Шпенглер не усиливает детерминистский взгляд,
когда он отказывается продолжить аналогию
организма с видом или родом. "Жизнь любой
группы организмов включает среди прочего
определенное время существования и определенный
темп развития: и никакая морфология истории не
может освободиться от этих понятий... Время жизни
поколения - для какого бы существа оно ни
рассматривалось - является числовым значением
почти мистического свойства. И эти соотношения
также действительны для цивилизаций - в
некотором смысле об этом раньше никогда не
думали. Каждая цивилизация, каждый период
архаики, каждый взлет, каждое падение и каждая
непостижимая фаза каждого из этих движений
обладают определенным временным периодом,
который всегда один и тот же и который всегда
имеет свое символическое обозначение. Каков
смысл пятидесятилетнего периода в ритме
политической, интеллектуальной и художественной
жизни, которая превалирует во всех
цивилизациях?.. Каково значение тысячелетия,
которое есть идеальный временной период всех
цивилизаций, сравнимый в пропорции с
индивидуальным жизненным сроком человека, -
семьдесят лет?" [*2]
Правильный, на наш взгляд, ответ состоит в том,
что общество не является видом или родом. Более
того, оно не является организмом. Каждое общество
- это представитель некоторого вида из рода обществ.

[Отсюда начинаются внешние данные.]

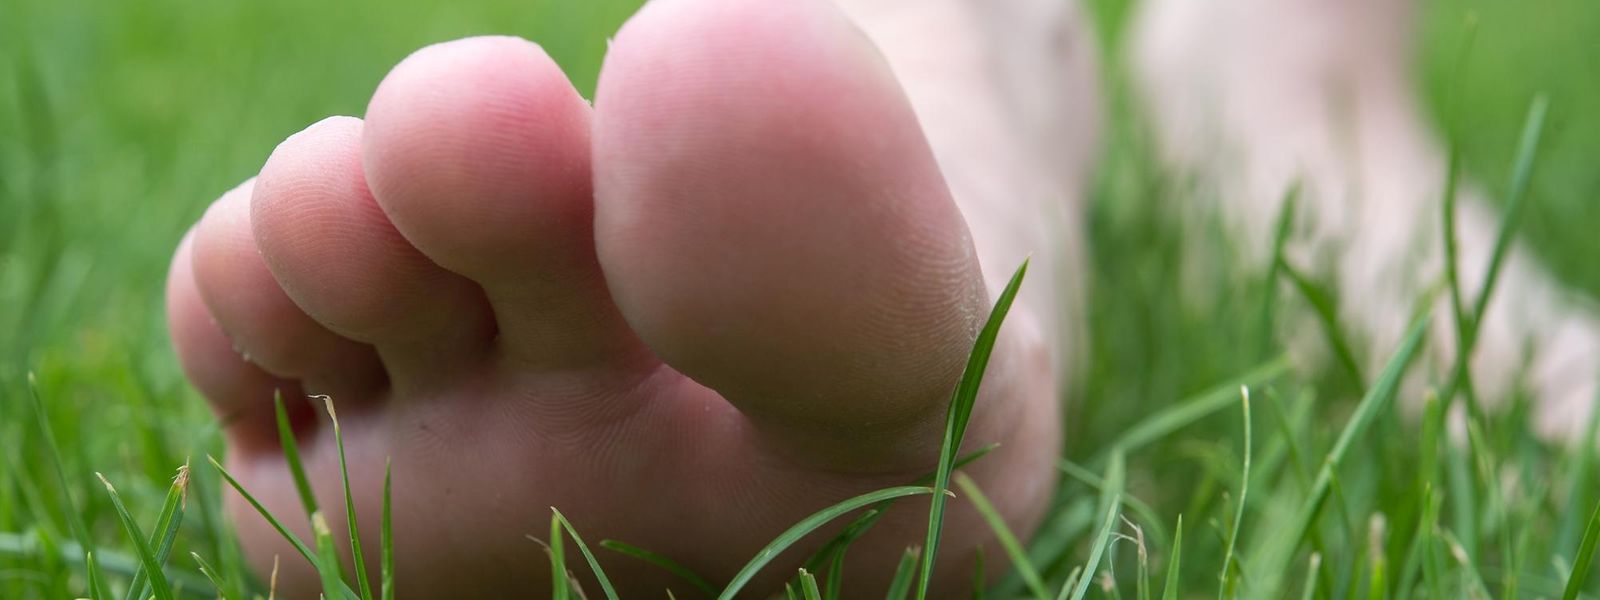 Eine Achtsamkeitsübung für warme Tage: langsam ein paar Schritte barfuß übers Gras gehen. Beim Aufsetzen der Füße auf das Abrollen achten und die Anspannung loslassen.
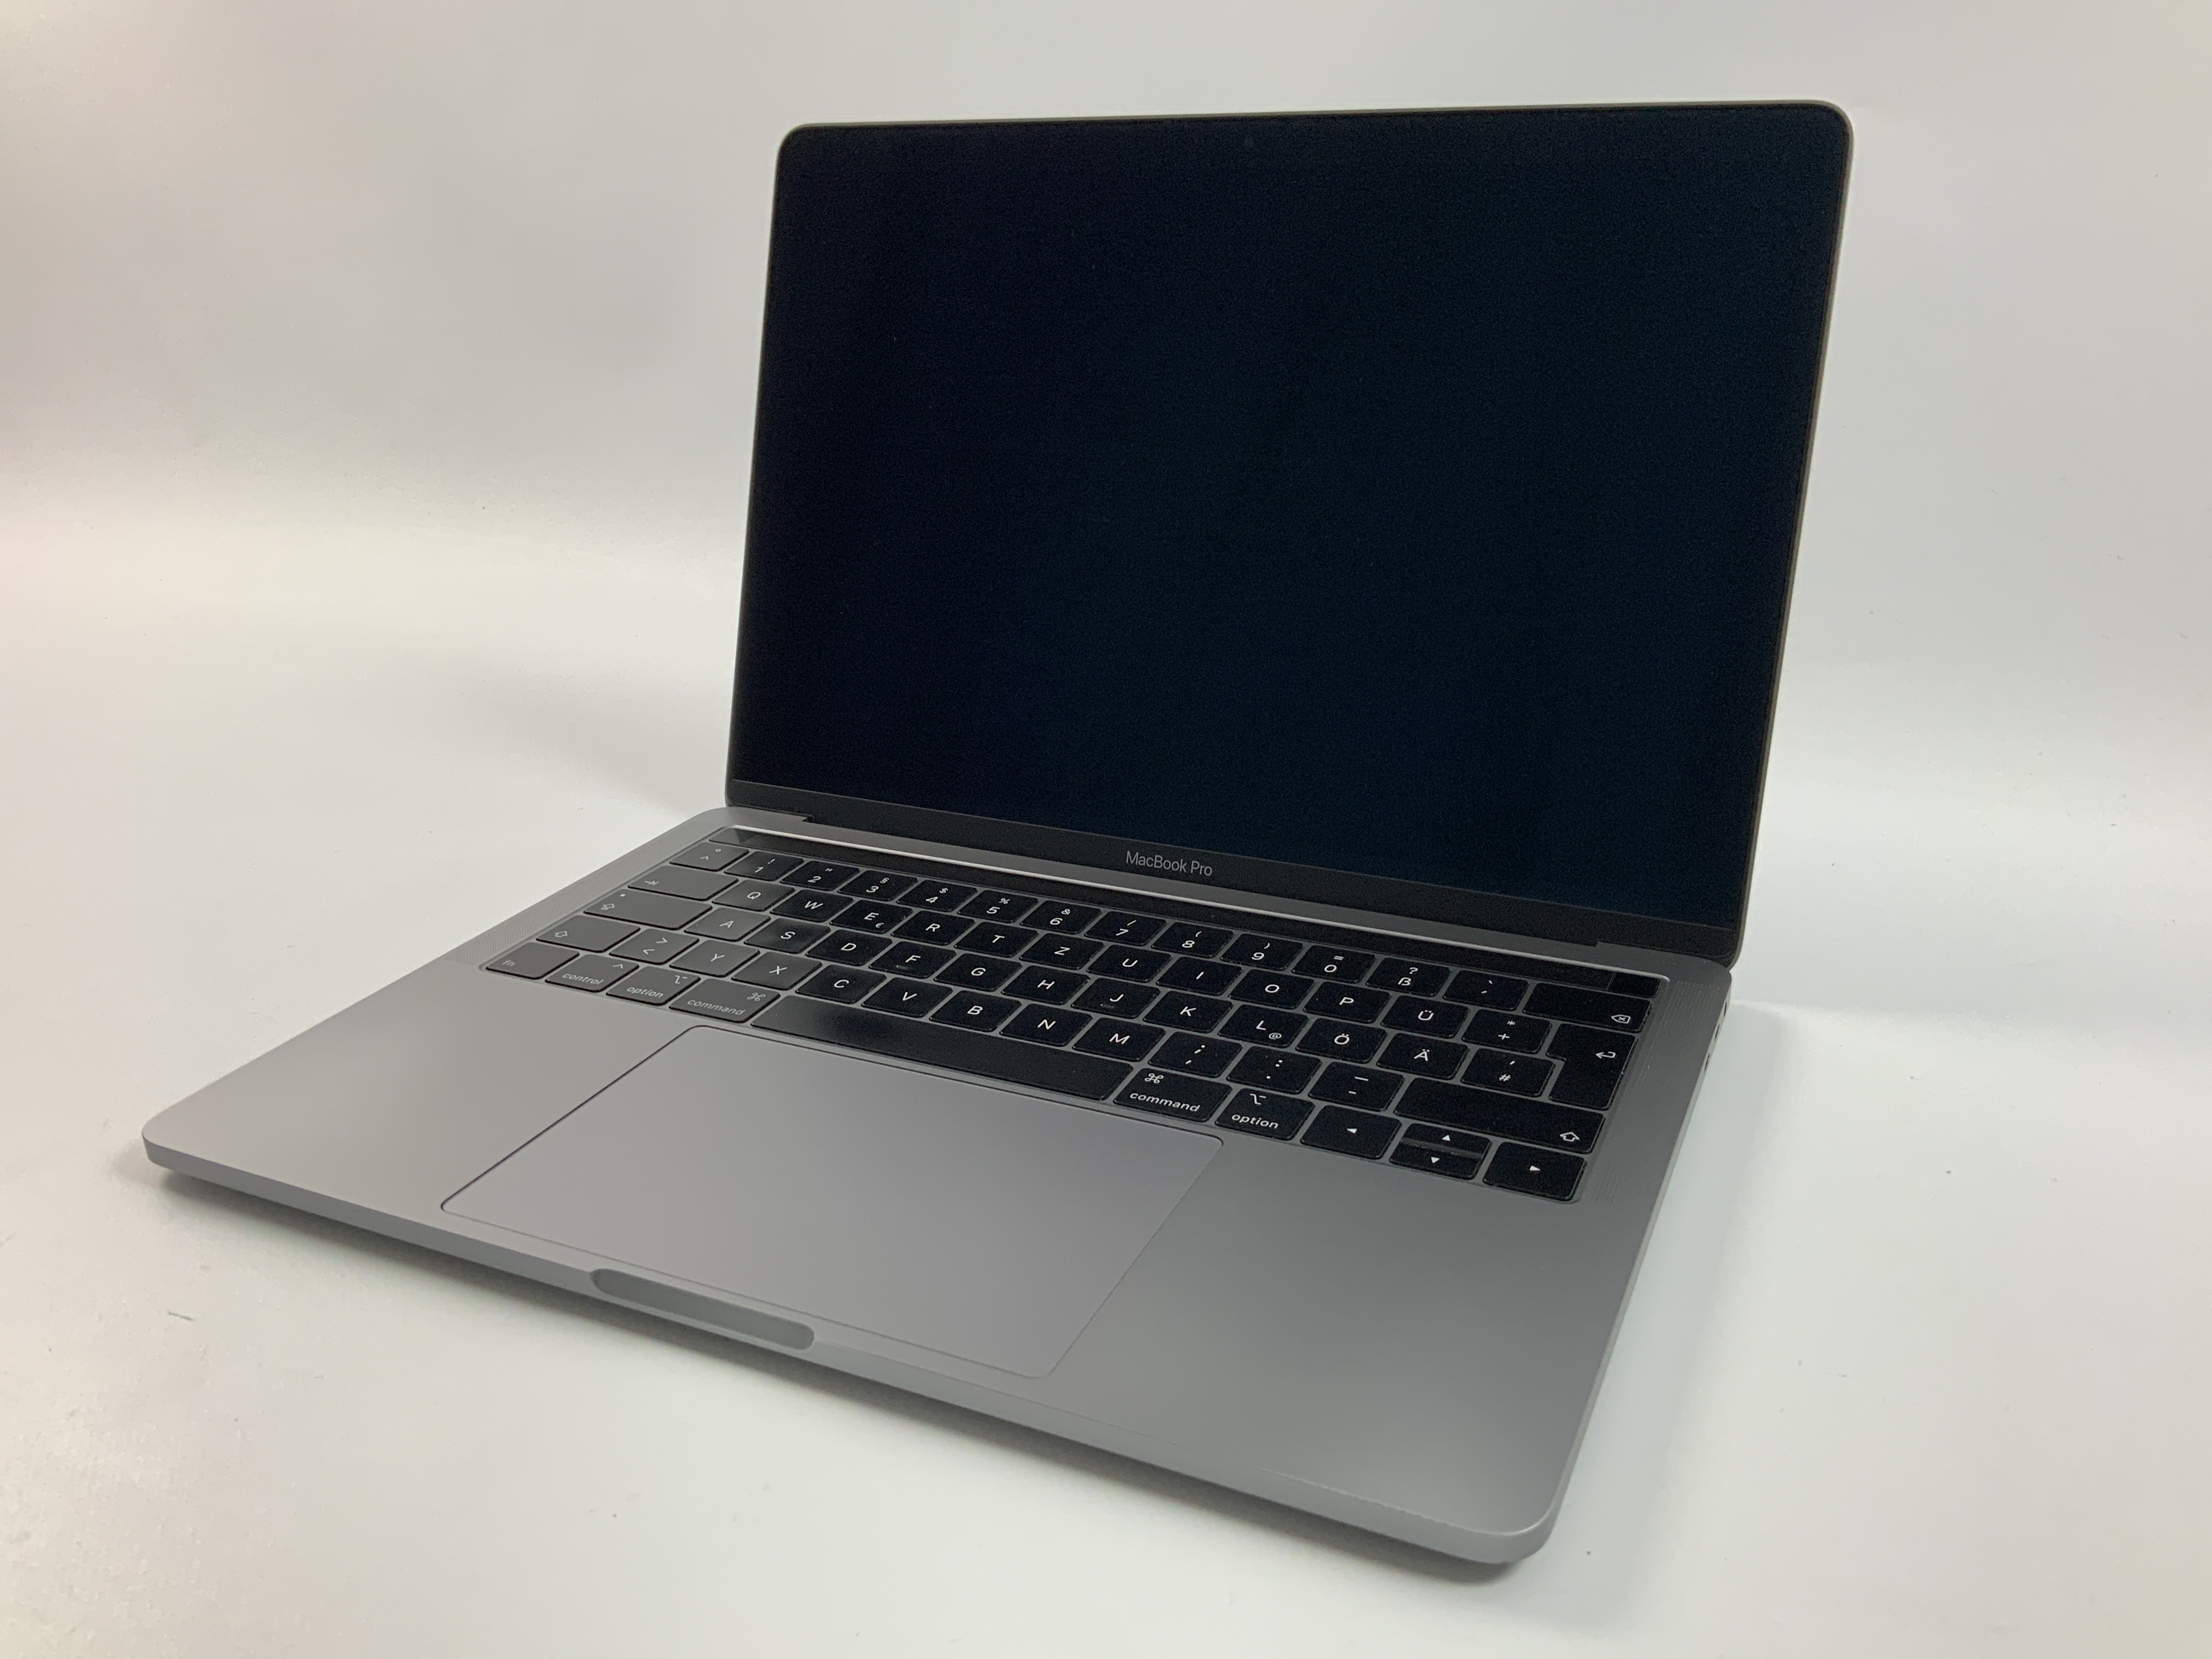 MacBook Pro 13" 4TBT Mid 2019 (Intel Quad-Core i5 2.4 GHz 16 GB RAM 1 TB SSD), Space Gray, Intel Quad-Core i5 2.4 GHz, 16 GB RAM, 1 TB SSD, Bild 1

Но род, к которому принадлежат люди, не является
ни западным обществом, ни эллинским, ни
каким-либо еще. Это род Homo. Столь простая
истина снимает с нас обязанность исследовать
шпенглеровскую догму о том, что роды и виды
обществ обладают предопределенными жизненными
сроками по аналогии с индивидуальными
организмами, являющимися представителями своих
биологических родов и видов. Даже если мы на
некоторое время предположим, что срок жизни рода Homo
заведомо ограничен, достаточно беглого взгляда
на реальную историческую длительность
биологических родов и видов, чтобы понять
ошибочность концепции, связывающей надломы
цивилизаций с этим гипотетическим концом жизни
рода Homo. Как, впрочем, нельзя их связывать и с
исчезновением материальной Вселенной через
распад ее вещества.
Касаясь проблемы надломов цивилизаций, резонно
задаться вопросом, а есть ли основания
предполагать, что надломы сопровождаются
какими-либо симптомами физической или
психической дегенерации. Были ли афиняне
поколения Сократа, Еврипида, Фукидида, Фидия и
Перикла, пережившие катастрофу 431 г. до н.э.,
внутренне более ущербными, чем поколение
Марафона, заставшее расцвет и славу общества, к
которому они принадлежали?
Объяснение надломов цивилизаций с точки зрения
евгеники, как представляется, можно найти у
Платона в "Государстве", где он говорит, что
общество с идеальным устройством нелегко
вывести из равновесия, но в конце концов все, что
рождается, обречено на распад; даже идеальное
устройство не может существовать вечно и в конце
концов надломится. Надлом этот связан с
периодическим ритмом (с кратким периодом для
краткоживущих существ и длительным периодом для
тех, кто на другом конце шкалы), который является
ритмом жизни как в животном, так и в растительном
царстве и который зависит от физической и
психической плодовитости. Особые законы
человеческой евгеники расстроят разум и
интуицию нашего обученного правящего
меньшинства, несмотря на всю их интеллектуальную
силу; эти законы ускользнут от их взора, и однажды
они произведут детей несвоевременно.
Платон выработал поразительные числовые
формулы для выражения продолжительности
человеческой жизни и утверждал, что социальное
разложение наступит в результате игнорирования
этого математического закона евгеники вождями
общества [+4]. Но
даже из этого ясно, что Платон не считает расовую
дегенерацию, связываемую им с социальным
надломом, автоматическим или предопределенным
явлением. Скорее он видит здесь интеллектуальную
ошибку, техническую неудачу, ошибочный шаг.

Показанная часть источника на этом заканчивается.